- From: McBride, Brian <brian.mcbride@hp.com>
- Date: Mon, 27 Nov 2006 11:04:43 -0000
- To: "Dan Connolly" <connolly@w3.org>
- Cc: "Murray Maloney" <murray@muzmo.com>, "public-grddl-wg" <public-grddl-wg@w3.org>
[...]
> That avoids some issues, but in this example, there are
> separate transformations, glean_title.xsl and getAuthor.xsl .
> If we don't use a URI for the work, I can't see a way to get
> the two transformations to give properties of the same work.
Ah, I'd missed that. We could identify the b-node:
[[
<rdf:Description>
<dc:title>The Stand</dc:title>
<dc:creator>Stephen King</dc:creator>
<foaf:maker>
<foaf:Person>
<foaf:isPrimaryTopicOf
rdf:resource="http://en.wikipedia.org/wiki/Stephen_King" />
</foaf:Person>
</foaf:maker>
<dc:format>Book</dc:format>
<foaf:isPrimaryTopicOf
rdf:resource="http://www.stephenking.com/pages/works/stand/" />
</rdf:Description>
]]
But that requires knowing that foaf:isPrimaryTopicOf is inverse
functional (which it is) and applying the inferencing. Do we want to do
that? If not, then we need to have the publisher introduce a URI for
the work - it just has to be a different URI to the source document.
>
> > Dan may disagree with the claim that
> >
> > http://www.stephenking.com/pages/works/stand/
> >
> > Does not identify the novel.
>
> Indeed, I do. Earlier, you wrote:
>
> > This web page has
> > considerably fewer words than a novel.
>
> But consider http://www.w3.org/TR/html4/ ;
> resource that has a representation that has considerably
> fewer words than the whole HTML 4 specification, and yet it
> is a URI for the HTML 4 specification.
Well, that one was food for thought. I won't bore you with the details
of where that one took me. My conclusion is that whether or not the
example is ok is a social not a technical question.

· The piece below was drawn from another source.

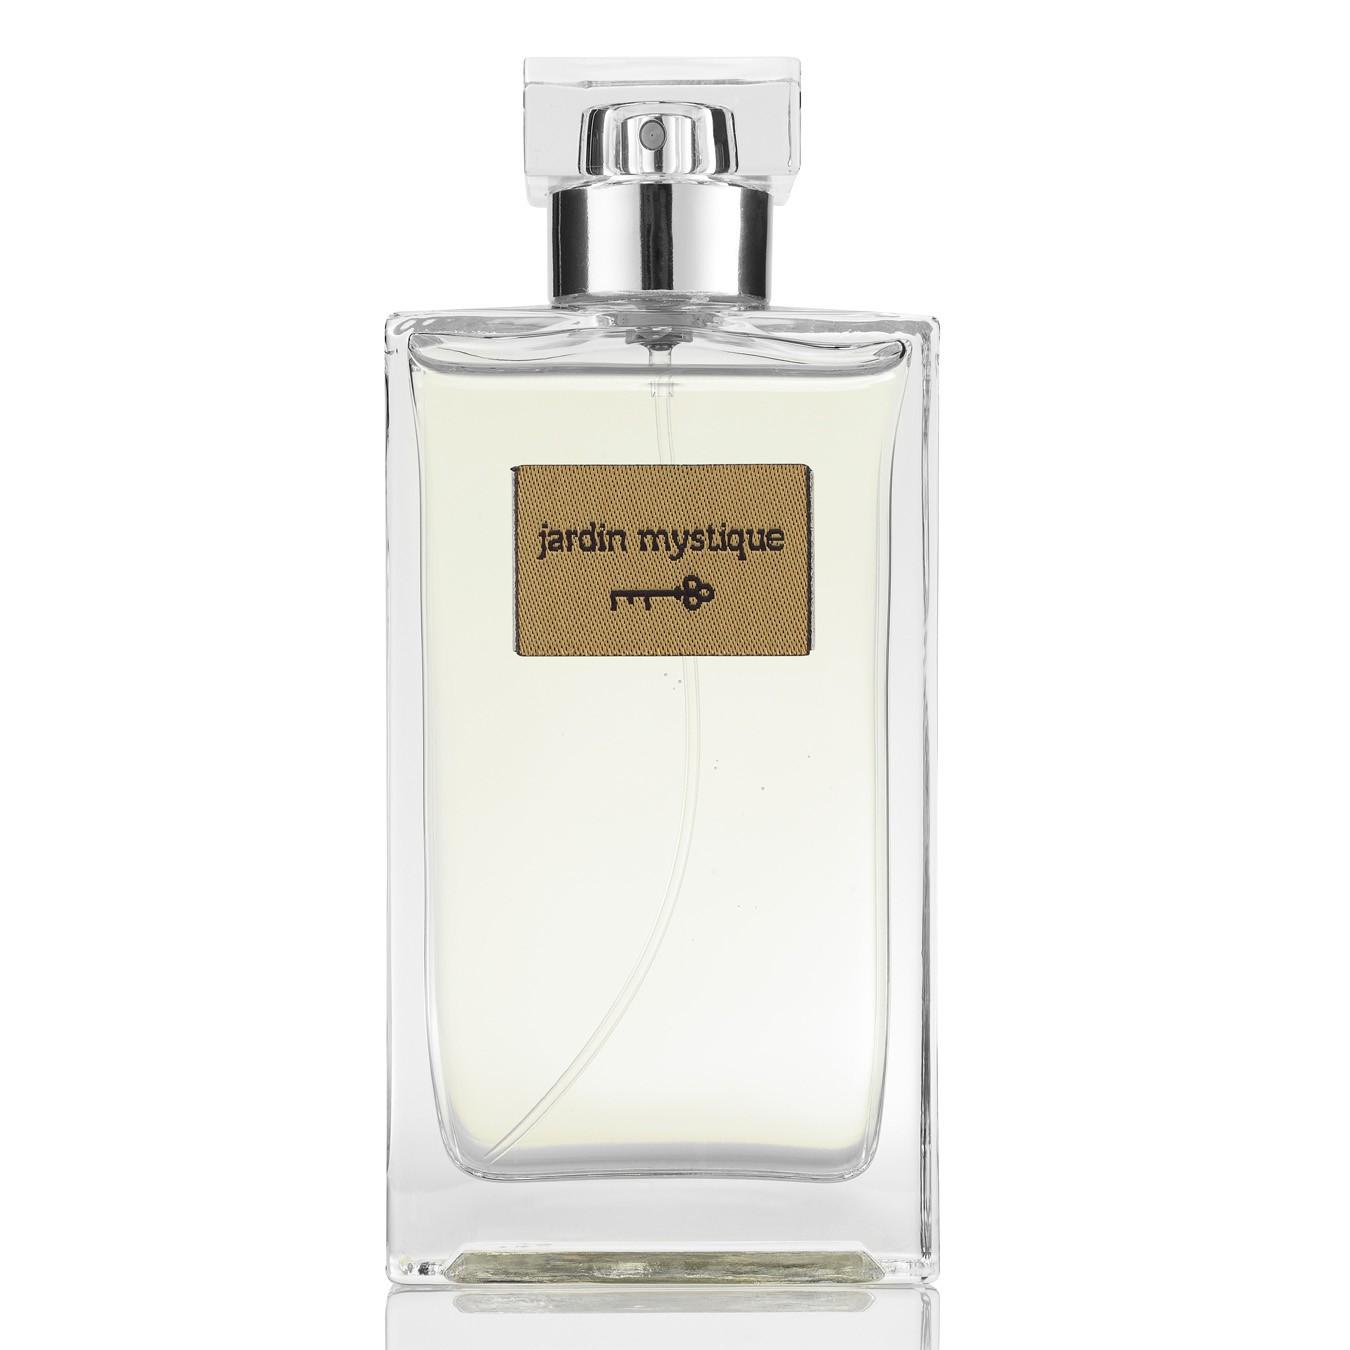 Friedemodin Jardin Mystique аромат для женщин

Given that the URL http://www.stephenking.com/pages/works/stand/
identifies the work titled "The Stand" written by Steven King, which of
the following do we think it ok to return as the result of a GET on that
URL:
1. A rendition of Eskimo Nell
2. A page describing the work
3. A redirect to a page describing the work
4. A page containing the text of the novel
If 1 or 2 is acceptable, then the example is fine as is. Note, if we
feel that 1 or 2 is acceptable, this implies that:
<http://www.stephenking.com/pages/works/stand/> dc:title ?foo
Does not entail
HttpGet(<http://www.stephenking.com/pages/works/stand/>) dc:title ?foo
If we are ok with that then the example is fine as is.